Illustre dans le contexte de la guerre récemment éclatée entre la Russie et l’Ukraine Les dossiers de Kyiv d’une manière sobre, l’impact profond d’un régime non libre sur la vie des individus et sur la société dans son ensemble. Alors que Chivrac était principalement un passant dans cette société craintive, de nombreuses personnes qui ont grandi en Union soviétique ou y ont passé longtemps vivent encore avec des restes de paranoïa ; méfiance profondément ancrée dans leur système. Par exemple, la fille de l’enseignante Vira Lisova, qui s’est fait connaître du KGB grâce à ses tentatives prudentes d’enseigner l’Ukraine à ses élèves, a appris dès son plus jeune âge que n’importe qui pouvait être un espion.
«C’était une question de survie», dit-elle aujourd’hui. Lorsqu’il est devenu clair que la famille était surveillée, les Lisova n’ont plus été accueillis dans la rue. Les gens traversaient pour les éviter. Pourtant, ils ont trouvé des amis dignes de confiance. Lorsqu’ils venaient leur rendre visite, toutes les conversations étaient sur papier : des notes étaient échangées silencieusement à la table de la cuisine, puis brûlées et jetées dans les toilettes. De cette façon, des groupes de personnes partageant les mêmes idées ont tranquillement développé une petite communauté.
Famille alternative
On pourrait échapper à cette ambiance oppressante jeudi soir dans le premier volet de la série documentaire SLAY – Express pour impressionner (NTR). Ici aussi, les gens ont trouvé refuge dans de petites communautés, mais de manière un peu plus exubérante. SLAY suit quatre femmes trans de la scène ballroom néerlandaise : une communauté underground qui sert de lieu sûr aux personnes queer et trans de couleur pour se découvrir, s’embrasser et se célébrer. Lors d’un bal, différentes Maisons s’affrontent sur un podium pour remporter des prix dans différentes catégories. Et une maison, comme l’a patiemment expliqué Elly Vineyard (également connue sous le nom de : Père de House of Vineyard), est une famille choisie, comprenant une figure paternelle et maternelle avec des rôles de mentor. Une Maison fonctionne souvent comme une famille alternative pour les jeunes de la communauté LGBTQ qui n’ont ni refuge ni famille de soutien en dehors de la scène.

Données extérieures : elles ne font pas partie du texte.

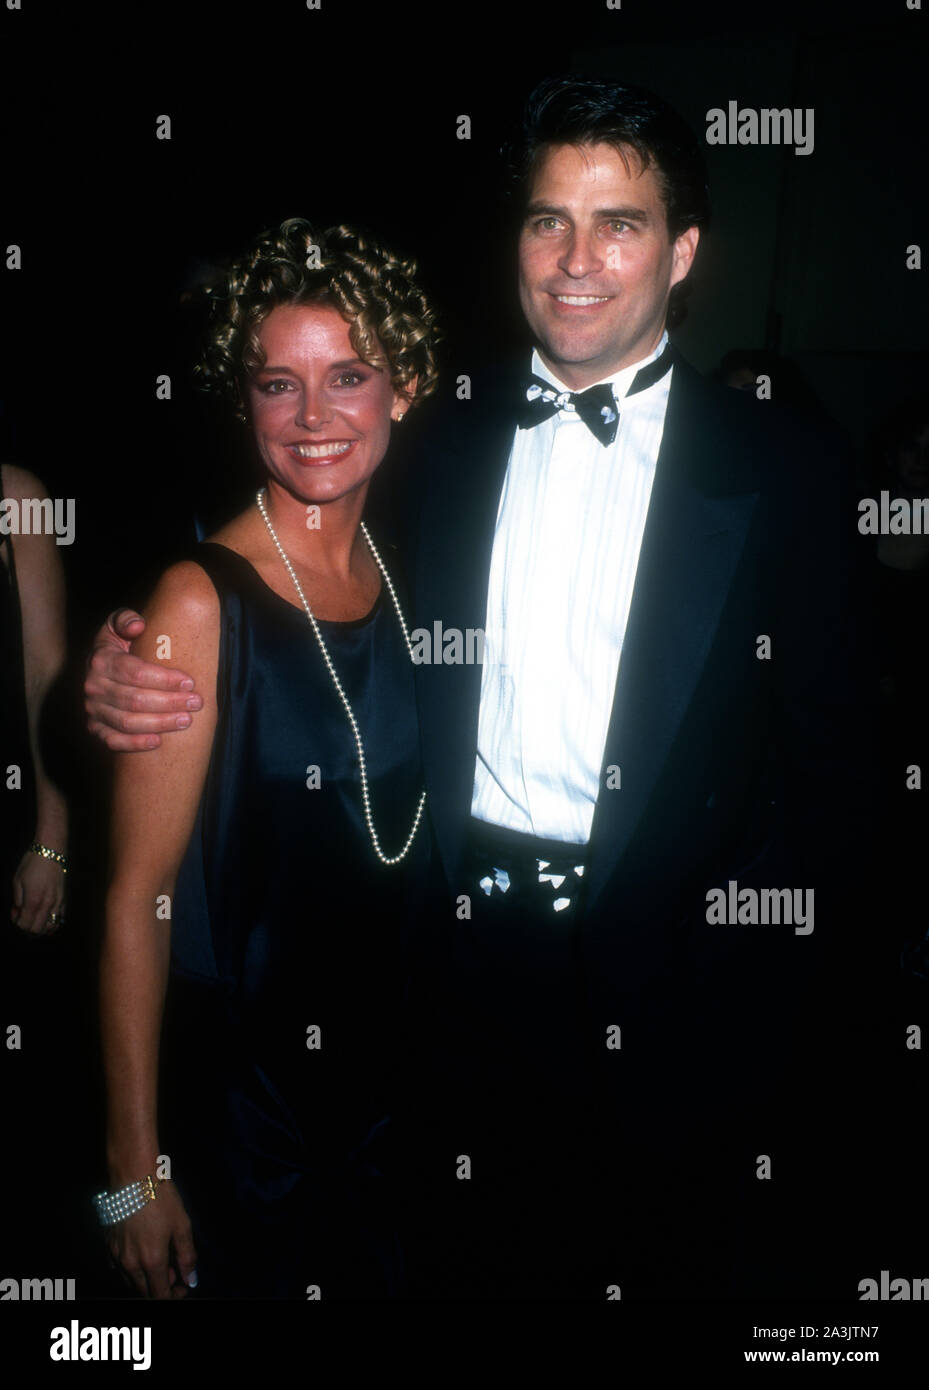 Los Angeles, California, USA 28th January 1995 Actress Amanda Bearse and actor Ted McGinley attend Married With Children 200th Episode Event on January 28, 1995 in Los Angeles, California, USA. Photo by Barry King/Alamy Stock Photo Stock Photo

Les mini-conférences animées d’Elly constituaient un bel ajout aux images des femmes trans, qui étaient chacune dans une phase différente de leur découverte de la salle de bal. Mais chacun d’eux était également amoureux de la scène : de Babymoon, qui préparait son premier spectacle de drag, à Serena, la mère de la maison de Makaveli, qui prenait soin avec amour de sa famille qu’elle avait choisie en tant que « tante caribéenne qui paie toujours ». attention à ce qui se passe. » Dans leurs maisons et sur les ballons, ils ont trouvé le refuge qui leur manquait depuis longtemps, à travers un monde extérieur où la liberté peut être étouffée par l’incompréhension, la discrimination et la violence. Ici, il y avait enfin un répit : ils étaient ici pleinement, librement eux-mêmes.